Department of Neuroscience, Imaging and Clinical Sciences, "G. d' annunzio" University, Chieti, Italy
BMJ Case Rep. 2019 Oct 5;12(10):e231129. doi: 10.1136/bcr-2019-231129.
Hemiplegic migraine (HM) is a rare subtype of migraine with aura in which attacks include transient motor weakness or hemiparesis that can last several days. HM is linked to mutations in three different genes, CACNA1A, ATP1A2 and SCN1A, which encode for ion transporters. The clinical spectrum includes atypical symptoms such as impaired consciousness, epileptic seizures, permanent cerebellar ataxia or mental retardation. We describe a novel mutation found in the ATP1A2 gene in a patient with late-onset HM. His attacks were characterised by motor weakness associated with altered mental status, diplopia and ataxia. He also showed up MRI abnormalities and incomplete response to prophylactic therapy with verapamil. Late-onset HM should be considered among the possible causes of focal neurological deficits even in older patients with cerebrovascular risk factors when a stroke appears to be more likely.

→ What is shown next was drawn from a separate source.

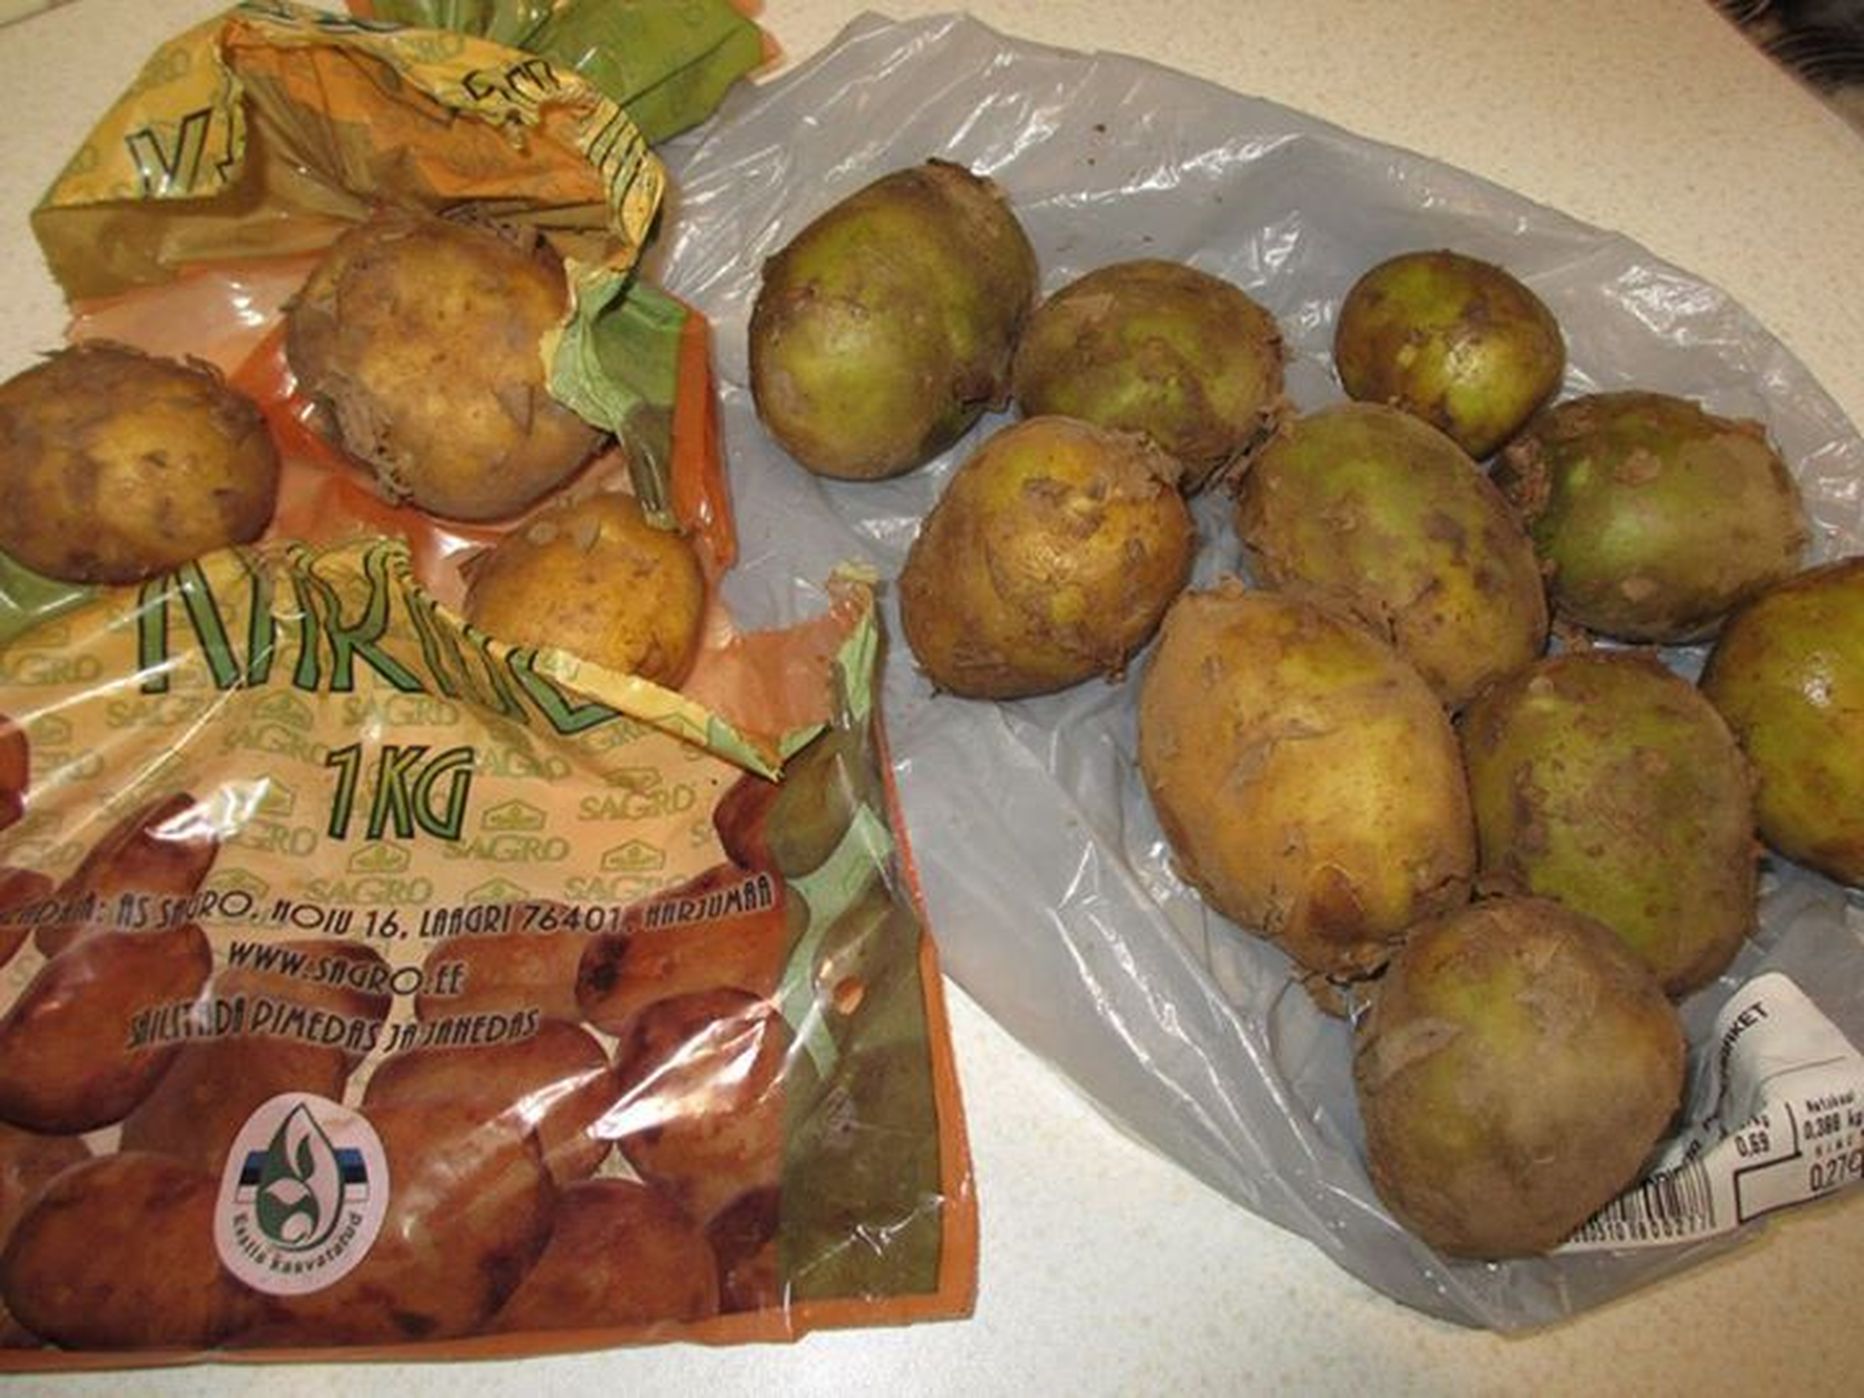 Söögikõlbulikke kartuleid oli kiloses kartulikotis kõigest kolm - ülejäänud olid rohelised ja plekilised.

偏瘫性偏头痛(HM)是偏头痛伴先兆的一种罕见亚型,其发作包括可持续数天的短暂运动无力或偏瘫。HM与三种不同基因(CACNA1A、ATP1A2和SCN1A)的突变有关,这些基因编码离子转运体。临床谱包括意识障碍、癫痫发作、永久性小脑共济失调或智力迟钝等非典型症状。我们描述了一名迟发性HM患者中在ATP1A2基因发现的一种新突变。他的发作特点是伴有精神状态改变、复视和共济失调的运动无力。他还出现了MRI异常,并且对维拉帕米预防性治疗反应不完全。即使在有脑血管危险因素的老年患者中,当更可能发生中风时,迟发性HM也应被视为局灶性神经功能缺损的可能原因之一。